Outro problema grave é a demora até que a notificação da medida protetiva chegue ao agressor – em alguns casos, pode levar meses.

“A vítima pede a medida protetiva, em 48 horas tem ela nas mãos e fica confiante de que conseguiu proteção, mas o agressor ainda nem foi informado. Enquanto o agressor não é notificado, a medida não tem validade. Só que os oficiais de justiça não têm condição de cumprir todos os mandados”, explica a defensora pública Iara Stroppa, do Juizado de Violência Doméstica e Familiar Contra a Mulher. Hoje, tramitam quase 12 mil processos com medidas protetivas na vara.

Delegada da especializada há seis anos, Sâmia Coser reconhece o volume de trabalho, mas aponta avanços: a implementação de um sistema que provê atendimento integral à mulher, de modo que uma ida à delegacia seja o suficiente para que a vítima saia de lá com BO registrado, representação criminal feita, testemunha indicada e, em alguns casos, com medida protetiva solicitada.

“A espera aumentou porque o número de servidores continua o mesmo, mas pelo menos a vítima ganha o atendimento completo. Percebemos que muitas desistiam do processo porque tinham que fazer o BO, depois voltar para fazer a representação criminal e ainda uma terceira vez para ser ouvida.” O novo sistema de atendimento foi inaugurado em abril, mas, segundo Sâmia, o número de desistências já reduziu.

Solução além da esfera penal

A advogada Xênia Melo, que presta auxílio jurídico para mulheres vítimas de violência, a lógica penal de punição, que trata o agressor como um desconhecido – quando na maior parte dos casos ele é o marido, um familiar ou o pai do filho da vítima –, também desestimula a mulher a buscar ajuda.

“Às vezes, a mulher não quer que o companheiro dela vá preso, ela só quer não ser mais agredida. A reincidência em casos de violência doméstica é grande; mas quando o agressor é acolhido em um processo psicopedagógico, esse índice cai. O ciclo de violência só é quebrado quando o agressor também é reeducado.” Por isso, ela defende a implementação de programas de reeducação para agressores, além de mais investimento na rede de assistência à mulher.

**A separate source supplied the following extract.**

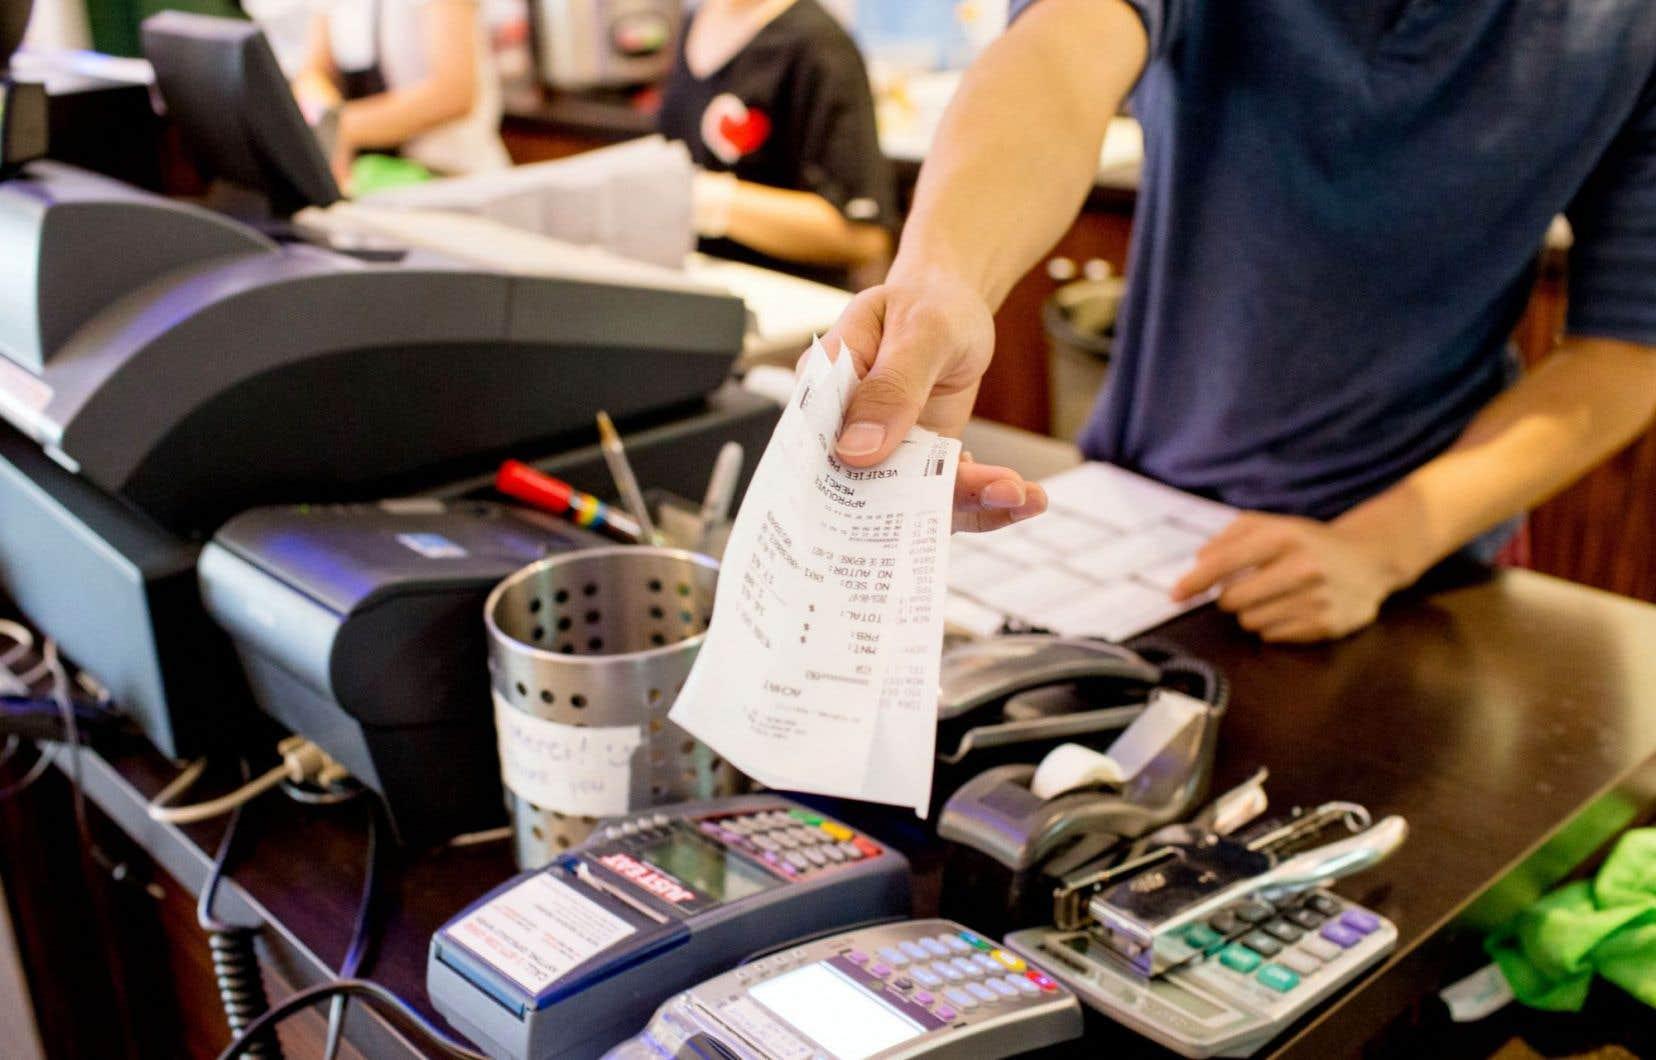 «Même confrontés à une augmentation potentielle des taux d'intérêt, les consommateurs de partout au pays continuent d'emprunter et de dépenser dans une certaine mesure», a affirmé la directrice principale des Données et analyses à Equifax Canada, Regina Malina.

A advogada aponta ainda a necessidade de fortalecer espaços coletivos de discussão sobre violência de gênero e de apoio às vítimas, para que o problema seja enfrentado além da esfera penal. “O Estado é burocrático e sobrecarregado, o problema da violência contra a mulher precisa ser enfrentado para além do que ele é capaz de prover.”